A September 17 Baltimore Sun article discusses a case being considered by the Maryland Court of Appeals that may undo the State’s longstanding common law contributory negligence liability standard and move the State to a comparative negligence (also sometimes called comparative fault) standard. Such a move would likely increase the ability of a plaintiff to recover for injuries even where the plaintiff contributed to being injured.
As previously reported on Conduit Street, changing to a comparative negligence standard would increase the liability exposure of county governments and MACo has signed onto an amicus curiae (friend of the court) brief urging the Court to uphold the contributory negligence standard. The Maryland General Assembly has considered legislation to change the standard at various times over the last several decades but has always declined to do so. From the Sun article:
The collapse of a soccer goal on a Howard County practice field has led the state’s highest court to reconsider more than 150 years of personal injury law, in a case that could significantly improve injured plaintiffs’ chances of winning payouts. …
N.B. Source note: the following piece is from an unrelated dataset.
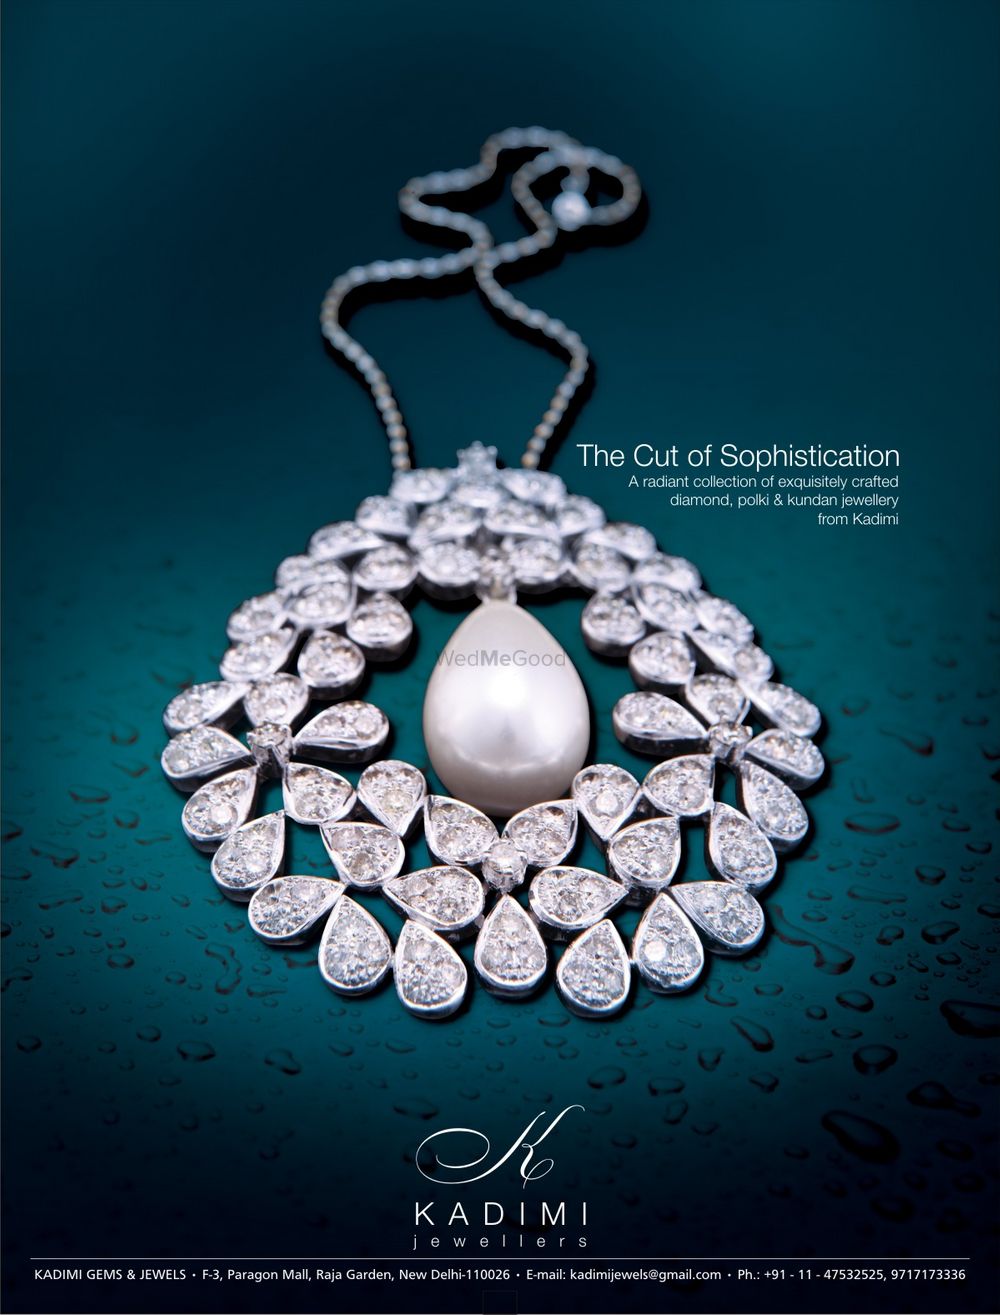 Photo From Dazzling Diamond collection - By Kadimi Jewellers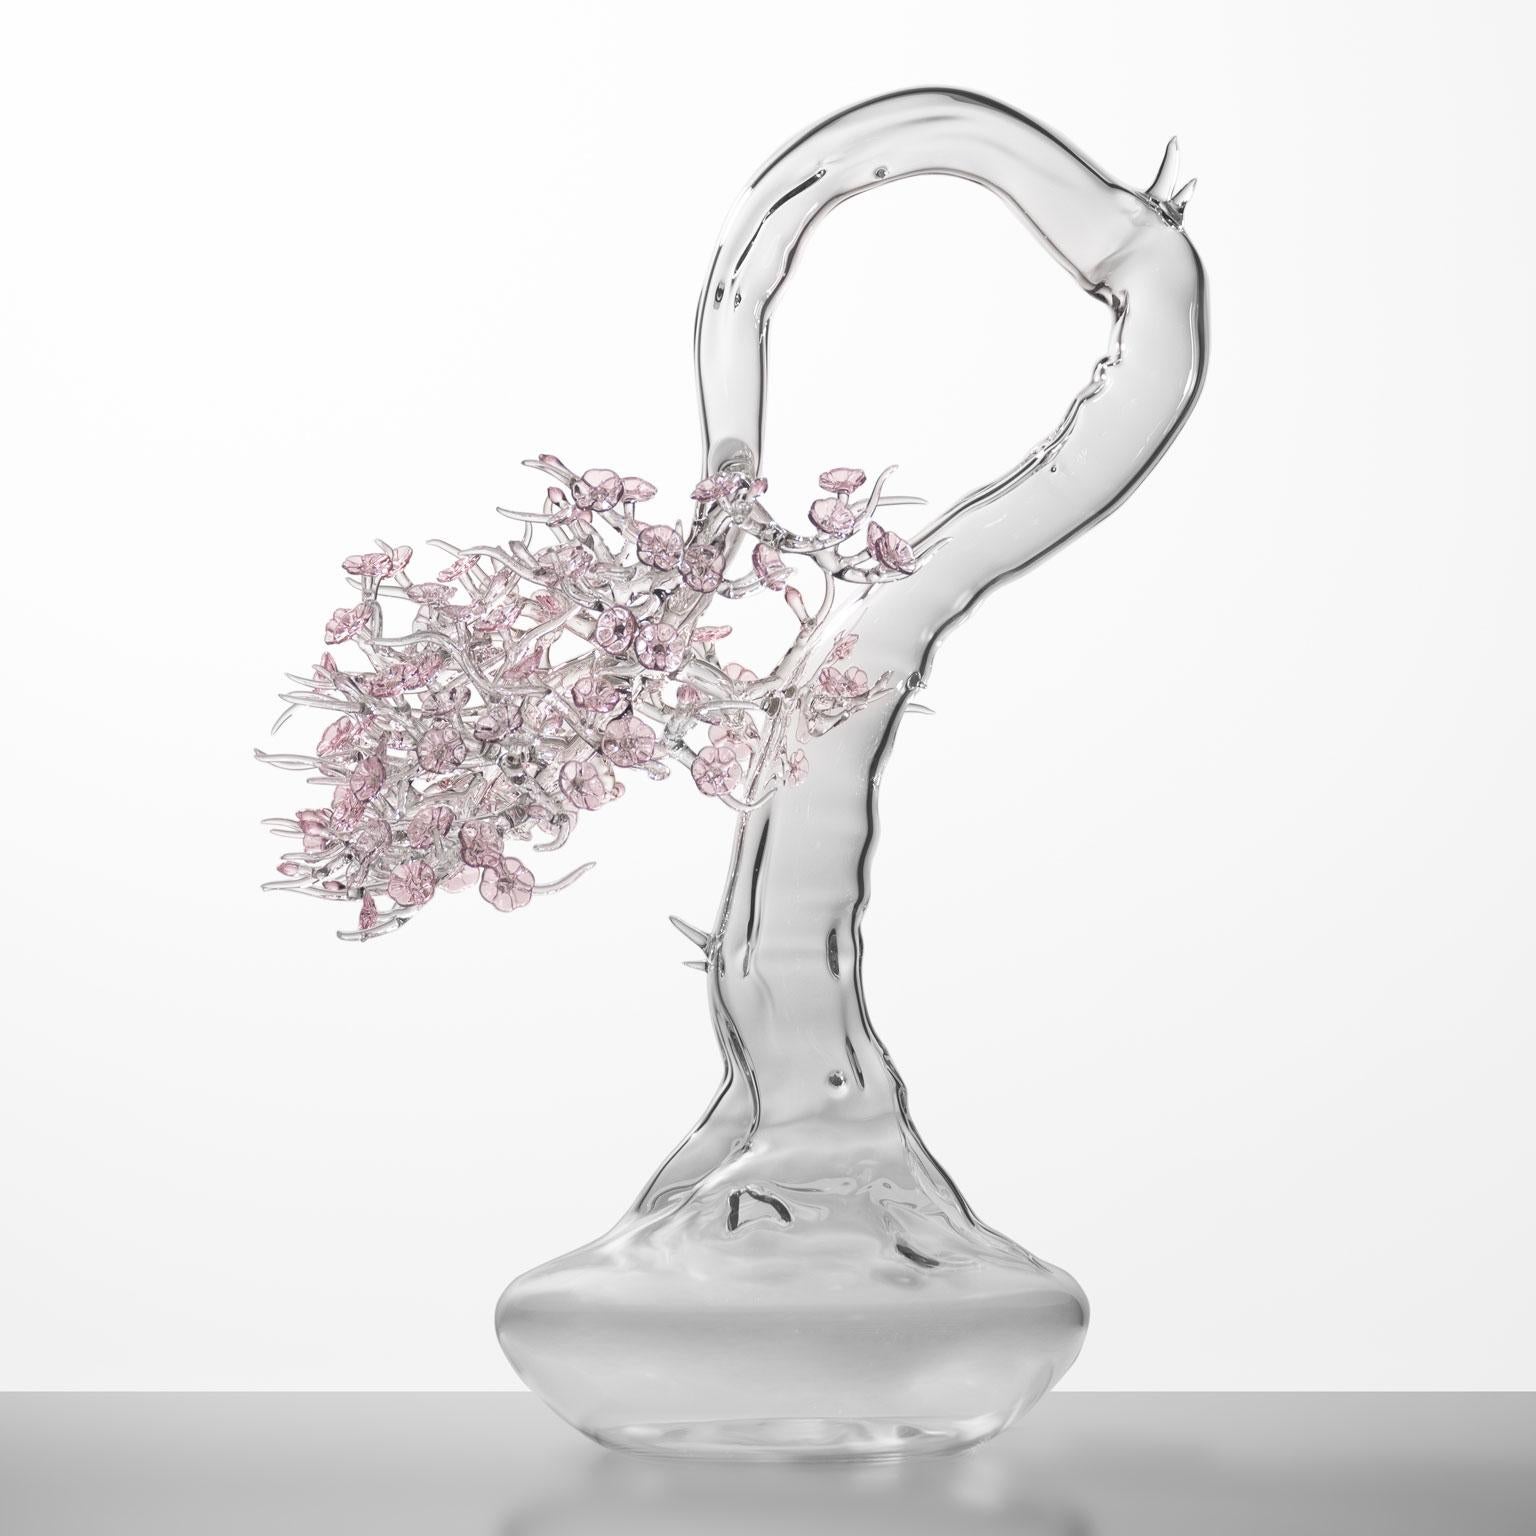 Introducing an exquisite Hand-Blown Glass Sculpture representing a bonsai tree in blossom, masterfully crafted by the renowned Italian artist Simone Crestani. This stunning sculpture encapsulates the delicate beauty and profound symbolism of a

Maryland is one of only four states, plus the District of Columbia, that bar injured people from winning lawsuits if they had any role in an accident — even if a jury finds the defendant in their suit deserved a much greater share of the blame. Most other courts allow juries to assign responsibility to each party, and award damages accordingly.
The U.S. Chamber of Commerce and the American Medical Association, which oppose changing that standard, warn of increased insurance rates, careless behavior and a spike in frivolous suits. Trial lawyers and others fighting for a reversal argue that Maryland should recognize that even people who are partially responsible for their injuries should have a chance to recover damages.